I'm not referring to his 2009 split with his wife, Elaine. That was gaudy enough to be covered on the gossip pages and resulted in her owning half his shares in Wynn Resorts, the publicly traded parent company of the Wynn and Encore casino-hotels on the Las Vegas Strip.

I'm talking about the much more intriguing breakup between Wynn and Kazuo Okada, his original partner in Wynn Resorts.

Hiltzik noted that it is the divorce-related division of the Wynn family assets that has made Okada “the largest single shareholder of Wynn Resorts, with nearly 20 percent.”

Here is just a portion of the juicy details surrounding the Wynn-Okada battle as presented by Hiltzik: 

Okada observes that the donation to the university, which is a public institution occupying government-owned land, will be spread out in annual pieces through 2022 - which happens to be the year when foreign licenses to operate casinos in Macao come up for renewal.

This is no modest or routine disbursement.
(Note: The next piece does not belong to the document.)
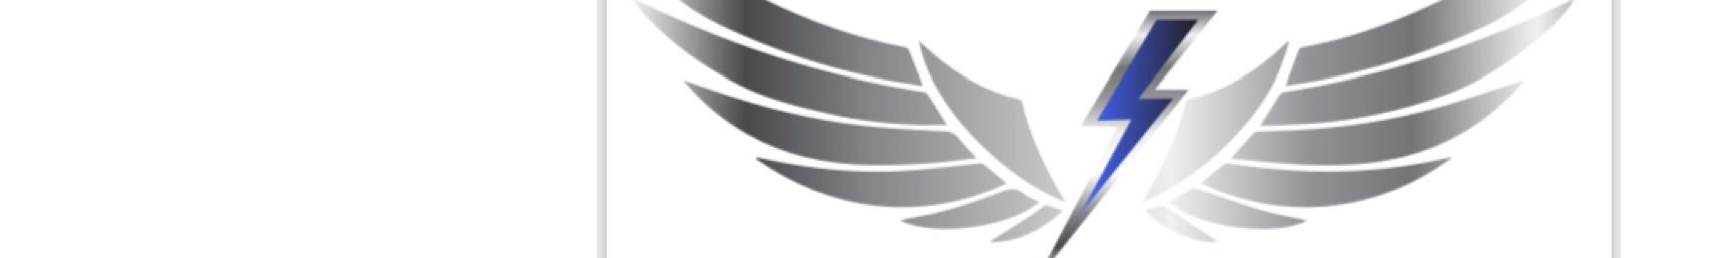 Arc Angel Electrical Solutions Llc Fort Worth Tx 76109

Okada, who voted against the donation as a board member of both Wynn Resorts and Wynn Macao, the Hong Kong-listed subsidiary through which it was made, says it was "unprecedented in the annals of that university." At the time it was disclosed, news reports in the Far East described it as the largest single donation ever made by a Hong Kong-listed company.

Wynn, himself, referred to that donation as a sign of his company's dedication "to the education of the people of Macao."

The value of the donation was charged against revenue for the second quarter of 2011, resulting in a rather steep decline. 

Hiltzik surmises: 

Maybe the charitable needs of university youth in Macao are more pressing. Or maybe some other need is involved.

The gaming industry has long contended that its skeevy ethical record was relegated to history's dustbin when mob-connected figures yielded ownership of Las Vegas casinos to upstanding, publicly traded corporations, such as Hilton and MGM Mirage.